Andreessen-Backed uBiome Is Now Doing An Indiegogo Campaign To Check Out Dental Bacteria

Have you ever been curious about the bacterial flora and fauna in your gut?

Or how about your teeth?

uBiome, a YC-backed bio startup that went on to raise funding from Andreessen Horowitz, is launching a second campaign looking at the dental biome.

A biome is the entire ecosystem of trillions of bacteria that live in and on our bodies. Even though the human body is made up of 10 trillion human cells, there are 10 times as many microbial cells. All 100 trillion of them form our microbiome.

They’re not generally harmful, but they can affect our weight, our health, our digestion and other diseases in ways that are hard to predict.

uBiome started out collecting samples in a crowdfunding campaign to sequence the human microbiome two years ago. They ended up raising $350,000 and attracting 2,500 participants. In this study, uBiome will be partnering with Jeremy Horst, a dentist and researcher at UCSF who holds a Ph.D. in bioinformatics.

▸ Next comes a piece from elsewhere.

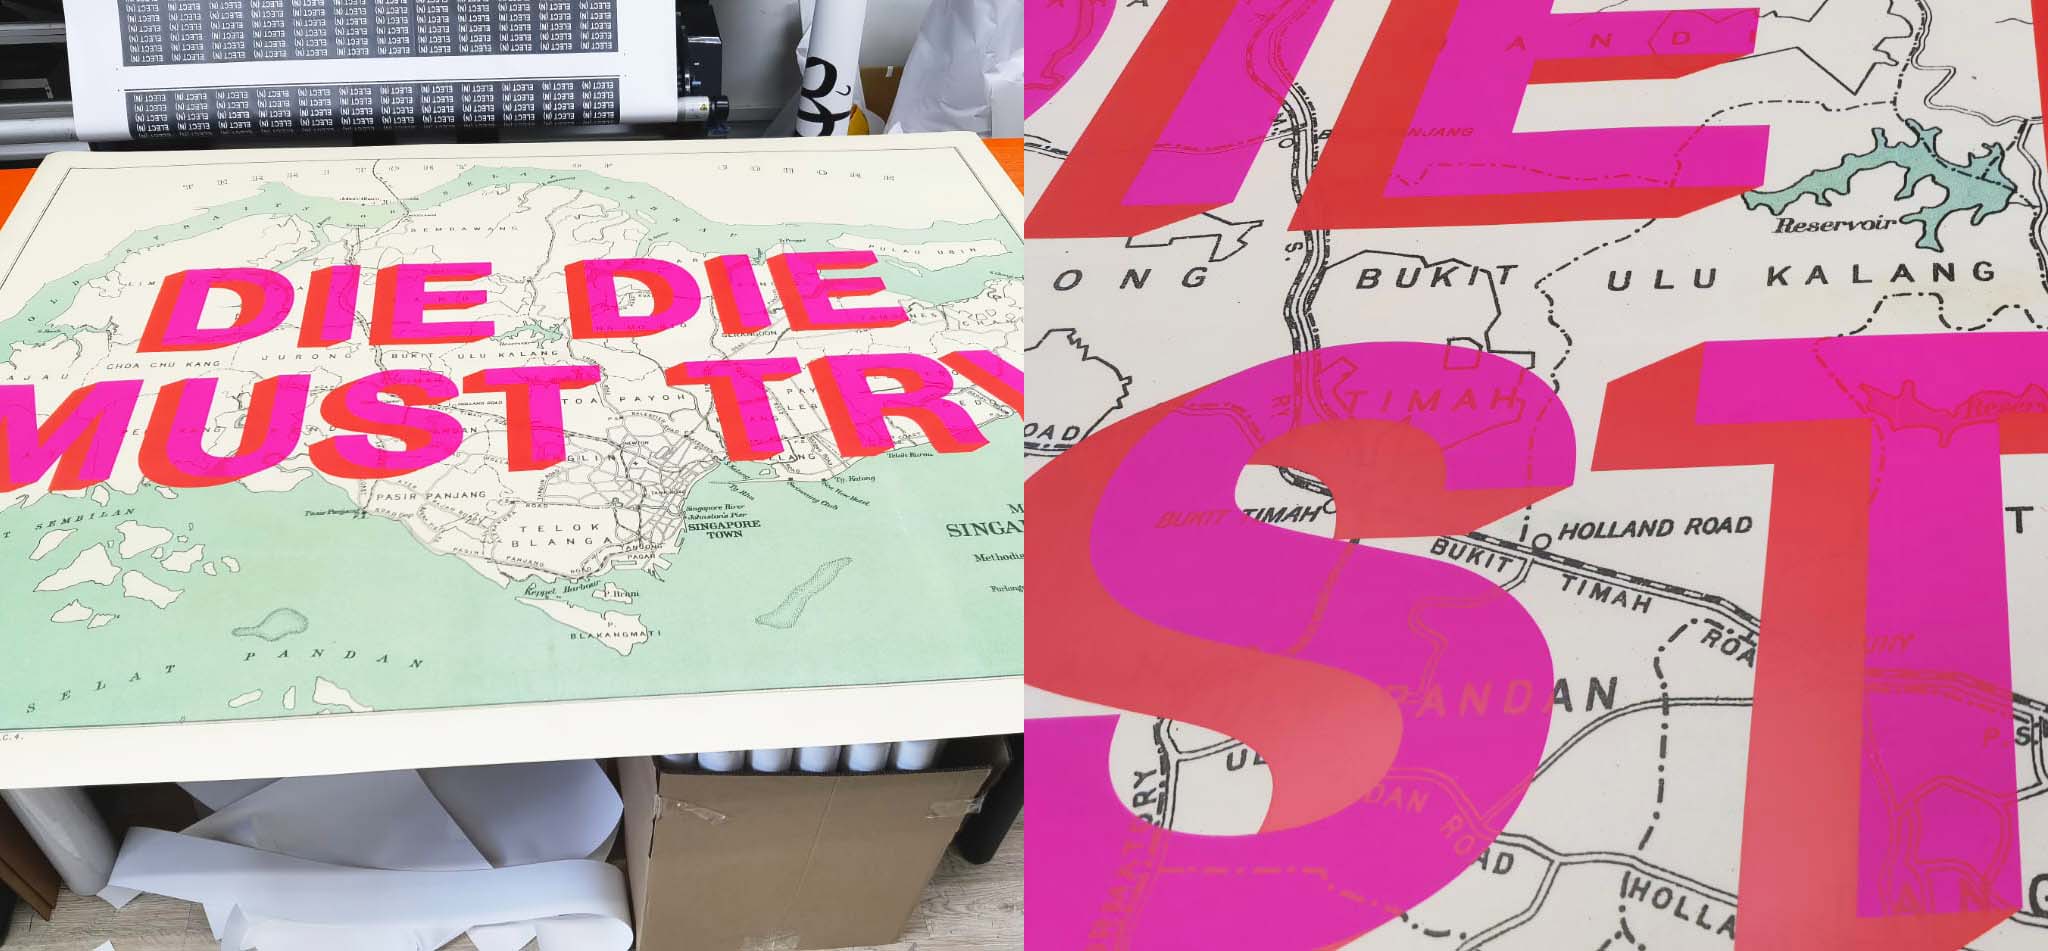 Large vintage pink text in a screen printing style on top of an old map

They’ll collect a swab or sample through a $79 kit sold in the Indiegogo campaign. Then they’ll process and sequence it to understand the microbial composition of the sample. The company will send a report back that shares what’s currently known about each microbe discovered and how it might relate to the latest research.

Ultimately, the longer-term vision involves uBiome’s broader community in becoming citizen scientists and researchers.

Jessica Richman, uBiome’s co-founder, said that many of the company’s customers have run multiple tests on themselves to see if taking probiotic supplements have affected the make-up of their biomes in any way.

“You can take these insights from large data sets and turn them into therapeutic and diagnostic tools over the long-run,” she said. (That is, with consent, of course.)

An analogy you could make is that uBiome is like the 23andMe for your personal microbiome. It’s a consumer product that could lay the foundation for much bigger collaborative research efforts around how the microbiome differs from person to person and what’s healthy and what’s not.